Friday, February 28, 2014

Depression is...

As salaam alaikum,

I cannot survive without writing. Writing has become such a big part of my life, that even though I'm going to have to get up in less than 7 hours to finish clinic notes from today, darnit, I'm going to write! If I don't write before I go to sleep tonight, I'm going to explode!

And sometimes, that's what self-care during residency means. Exchanging sleep for doing something that will make your soul make sense.

Speaking of one's soul making sense...I, just a few seconds ago, over the course of several hours, whipped myself into a frenzy of sorts. I've done a lot of reflection about my place in religion, my place in Islam, my place with God, all of these things. This, in addition to facing a patient today who recently had suicidal ideation and a plan, got me feeling pretty depressed.

Soon, everything around me was depressing.

The fact that I had a patient who was 25 and a parent already while I'm 29 and single was depressing.

The fact that my best friend from med school is pregnant with her first child and I'm 29 and single, perhaps indefinitely, was depressing.

The fact that my younger cousin is enjoying the first few weeks of motherhood whereas I remember her being the age of her daughter and I feel no closer to motherhood than I was when I was her age was depressing.

The fact that over half of my friends from medical school are married and have already had their first child and I may never get married and or by the time I do I may be infertile was depressing.

The fact that I am overweight and currently hairy was depressing. No one would ever want me, and my SO would realize that and leave me, and that was also depressing.

Then I talked to my SO about God, a topic he shies away from with me because I usually have heavy thoughts. I talked to him with how my patient rationalized her severe reaction to the death in her family with God's plan and about how I realized that I've never been comfortable with God's plan. Not God's plan itself but the term, the simplified concept. I realized that it's always depressed me when it's suppose to be a source of comfort. He was not ready for this conversation at nearly 10pm at night, so I hung up the phone and brooded on my own.

And then I had an epiphany that brought me up from the depths of my self-constructed depressive episode.

For me, depression is believing that God has no plan for you, or that God's plan is for you to fail. In Qur'anic terms, that you are one of the ones who God is hardening your heart to prepare you for hellfire, and there is nothing you can do about it, because it's God's will.

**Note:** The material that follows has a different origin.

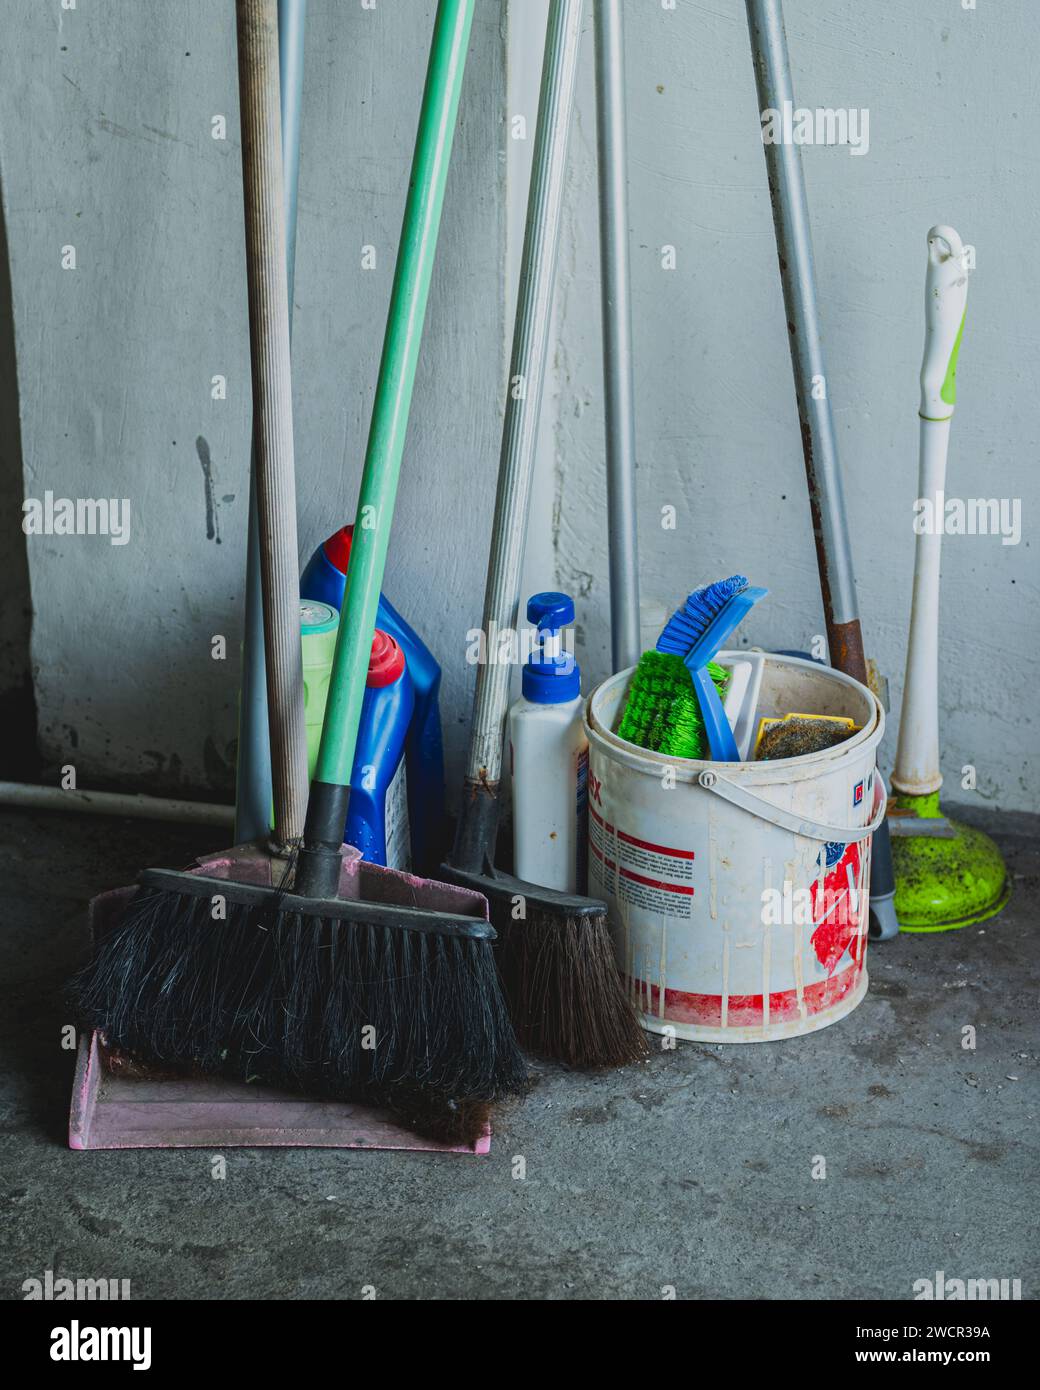 un grupo de herramientas de limpieza tradicionales para el hogar Foto de stock

This was the source of my depression when I was a teenager, and I hadn't felt that way in a long time. I don't believe it now, but I got a whiff of it as I found myself sinking deeper into my self-made funk.

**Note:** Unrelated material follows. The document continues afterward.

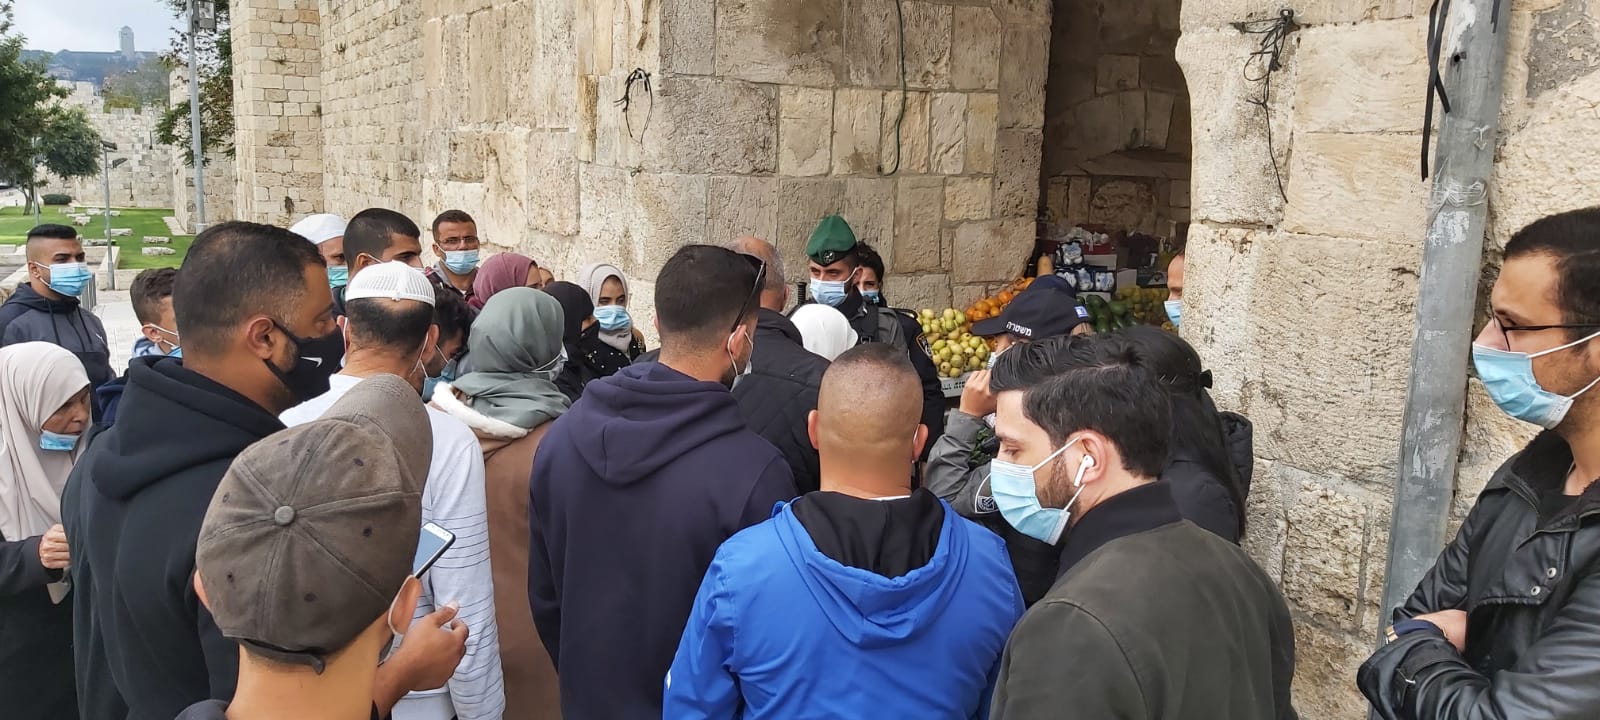 حواجز الاحتلال في القدس تعرقل وصول المصلين للأقصى

That is the root of depression for me. Those times when I feel so remote from God that I begin to doubt the purpose of my existence...those are hard times.

And that is how my patient felt when she wanted to shoot herself.

And that is how I felt as an adolescent.

And that's how I would continue to feel if I didn't take a break from sleeping this evening and keep vigil by my laptop and write things out.

Depression for me is doubt in my purposeful existence. My only remedy, then, is belief.